AVELLINO – Gianluca Festa (Pd) attacca l’Alto Calore Servizi (questa sera presenterà in Consiglio comunale un’interrogazione per fare chiarezza sulla «situazione economico-finanziaria, gestionale, organizzativa e strutturale dell’Alto Calore Servizi; sul raggiungimento degli obiettivi fissati e sugli incarichi e consulenze esterne all’ente»), Lello De Stefano, presidente dell’ente che gestisce il servizio idrico in provincia, gioca d’anticipo. Infatti, durante la conferenza stampa di questa mattina convocata per presentare i risultati raggiunti dopo l’intervento di riqualificazione dell’impianto di Cassano Irpino, De Stefano ha risposto all’ordine del giorno del consigliere comunale di maggioranza.

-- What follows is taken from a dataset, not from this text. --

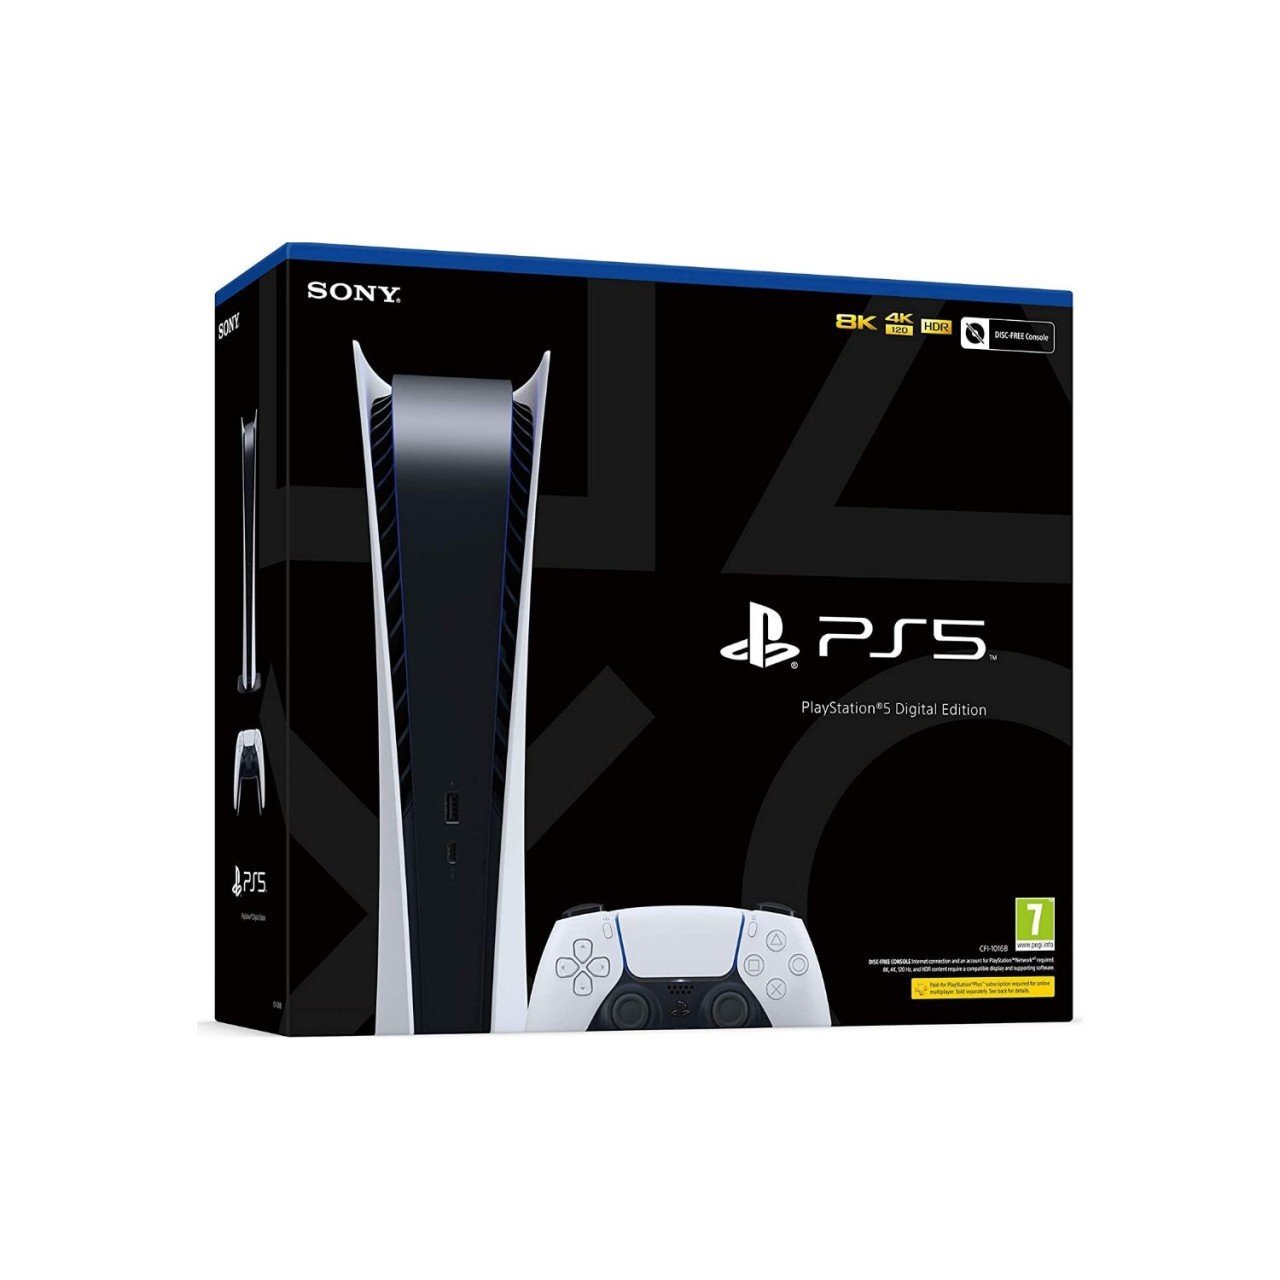 Sony Playstation 5 PS5 Digital Sürüm Oyun Konsolu

Ha spiegato De Stefano: «L’indebitamento dell’Alto Calore, pari a quasi 105 milioni di euro, è stato completamente ereditato dalla precedente gestione» del quale Consiglio di amministrazione proprio Gianluca Festa era membro. «Per migliorare lo stato delle casse, abbiamo imposto lo scioglimento delle due società, Servizi e Patrimonio. Alto Calore Servizi è diventata l’unica erede del vecchio Consorzio». Inoltre, «stiamo affrontando tantissime difficoltà gestionali a causa della cattiva distribuzione del personale. Abbiamo troppi funzionari e troppi pochi operai: queste sono le conseguenze della decennale gestione clientelare». Infine, «dal giorno del mio insediamento ad oggi, il numero delle consulenze è pari a zero».

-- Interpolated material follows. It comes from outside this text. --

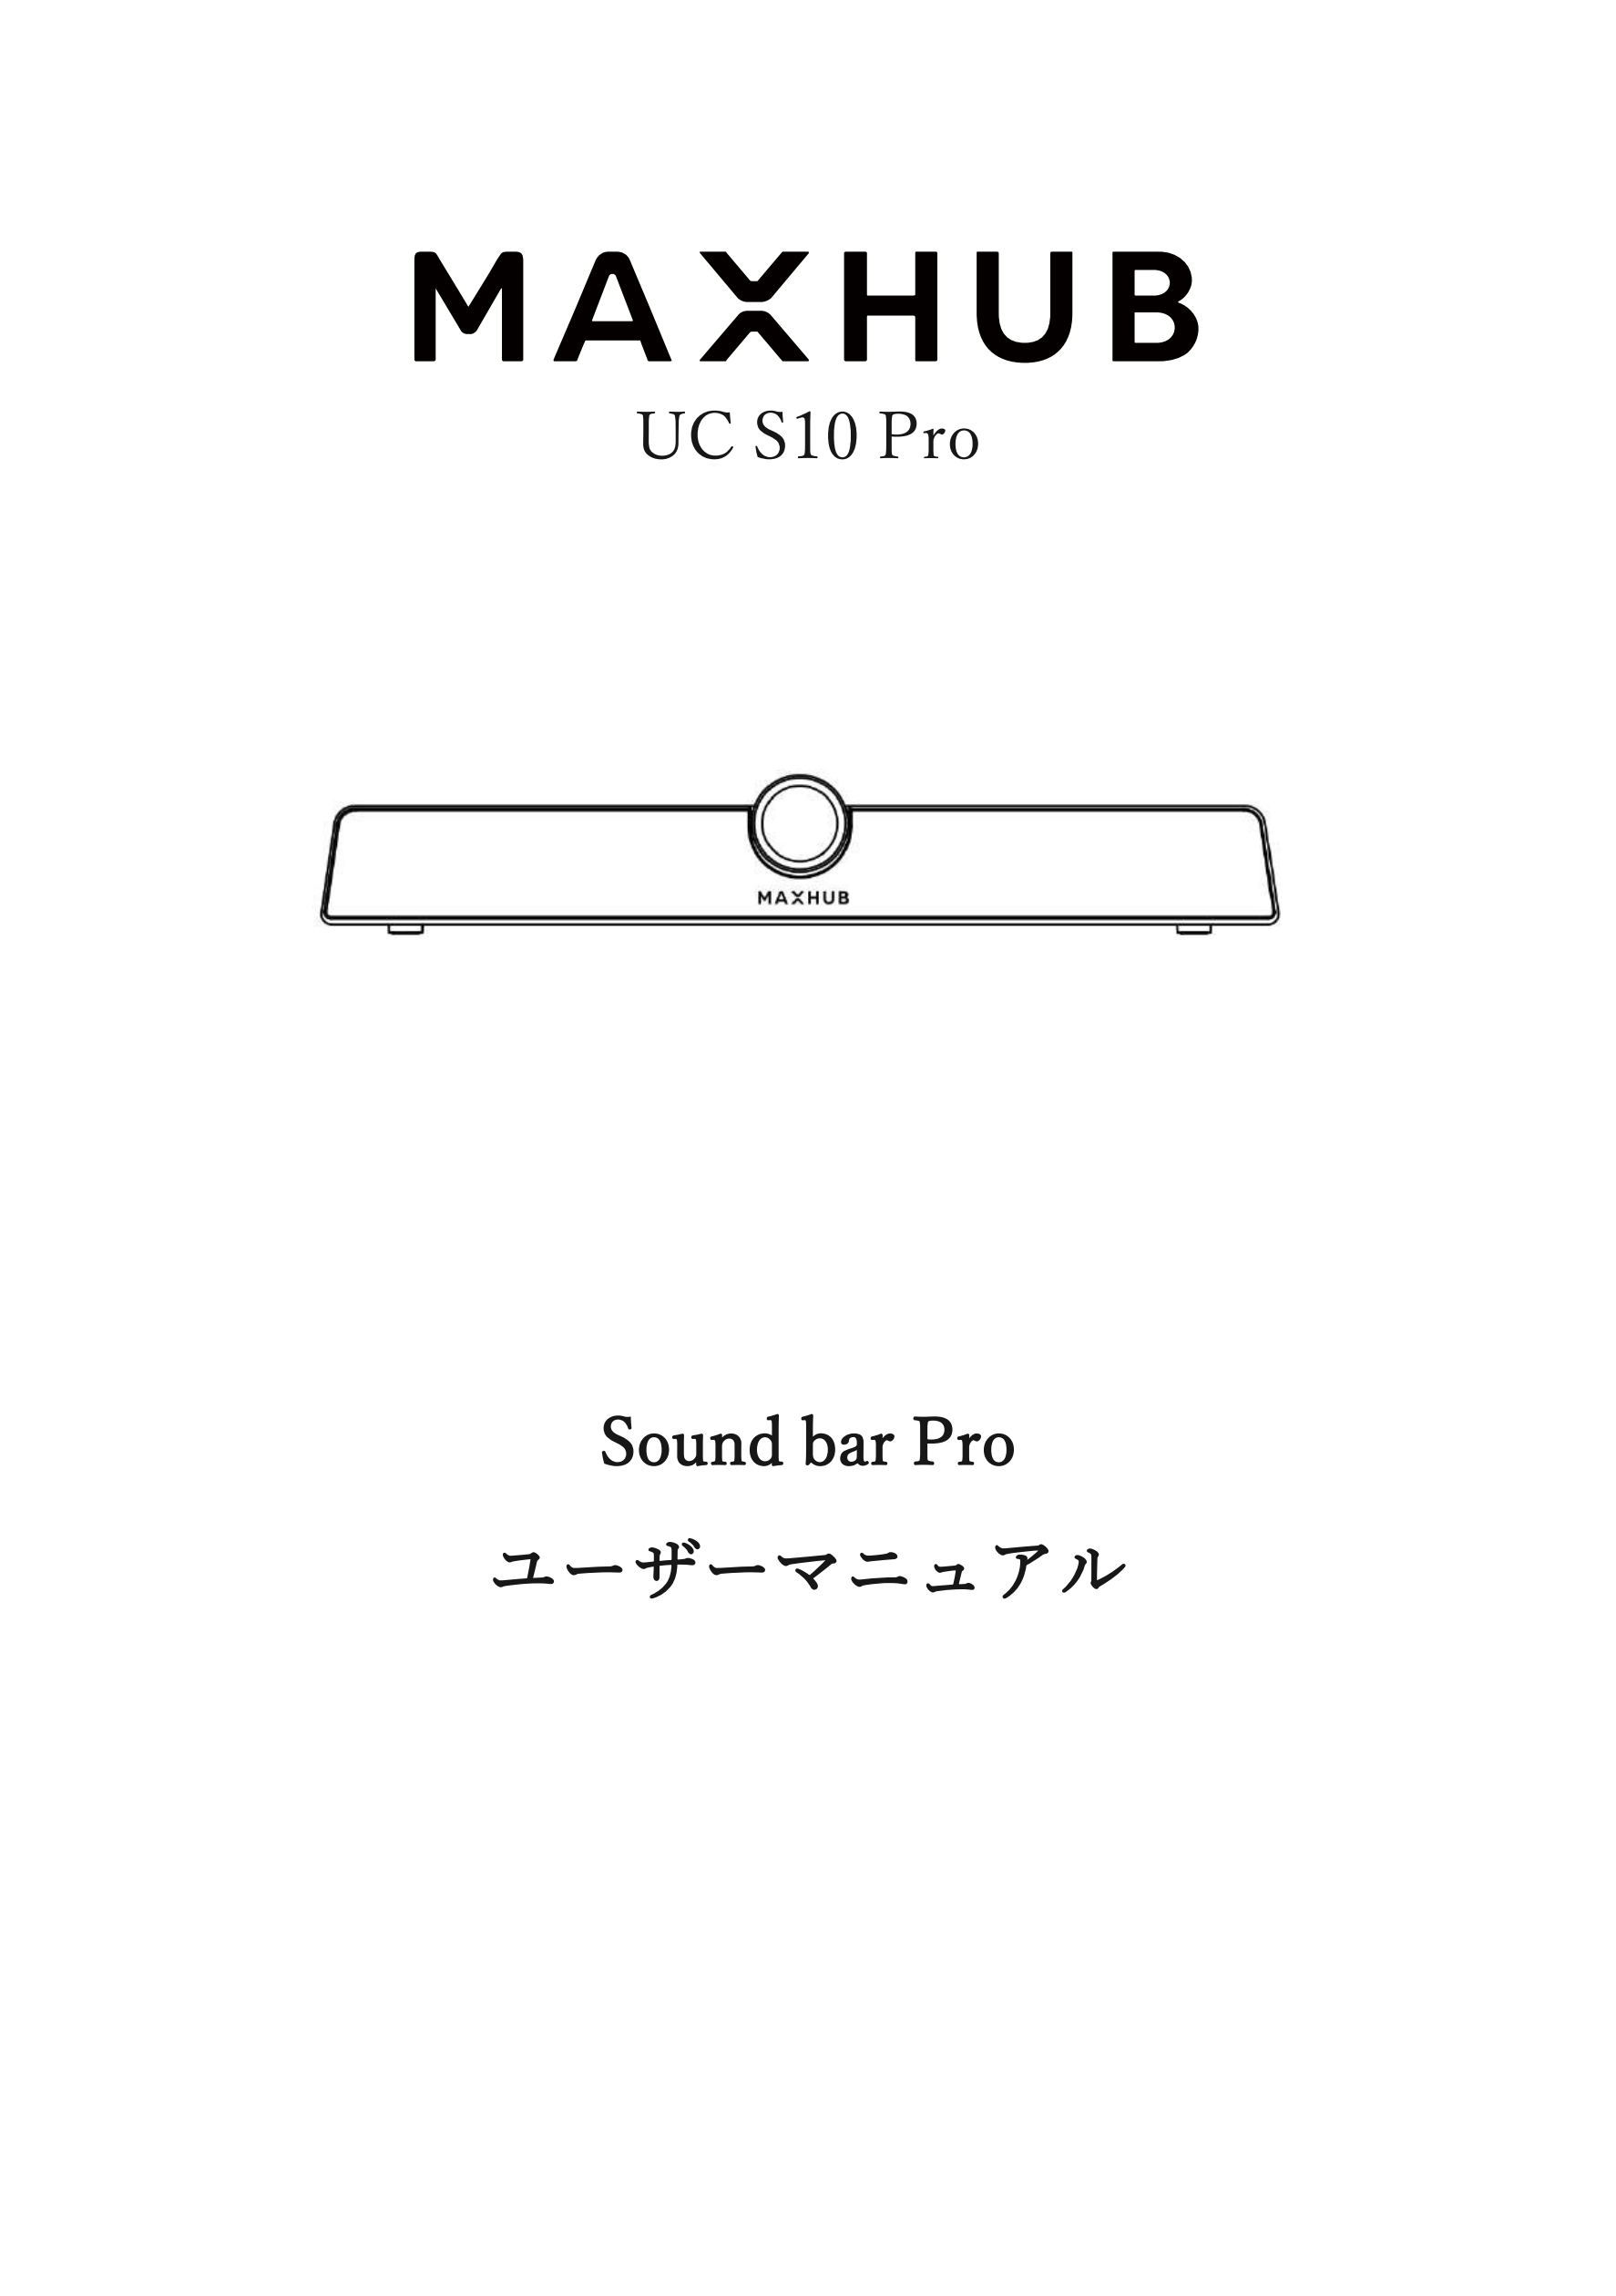 Sound bar Pro

Dalle polemiche ai fatti. Ha continuato De Stefano: «Per evitare nuove emergenze, come quella del primo luglio scorso, abbiamo chiesto alla Regione di finanziare la ristrutturazione dell’intera rete idrica provinciale. Il modello da seguire è quello dell’Acquedotto Pugliese: così vicino, perché alcuni suoi impianti confinano con i nostri, ma così lontano per l’efficienza e l’efficacia del sistema».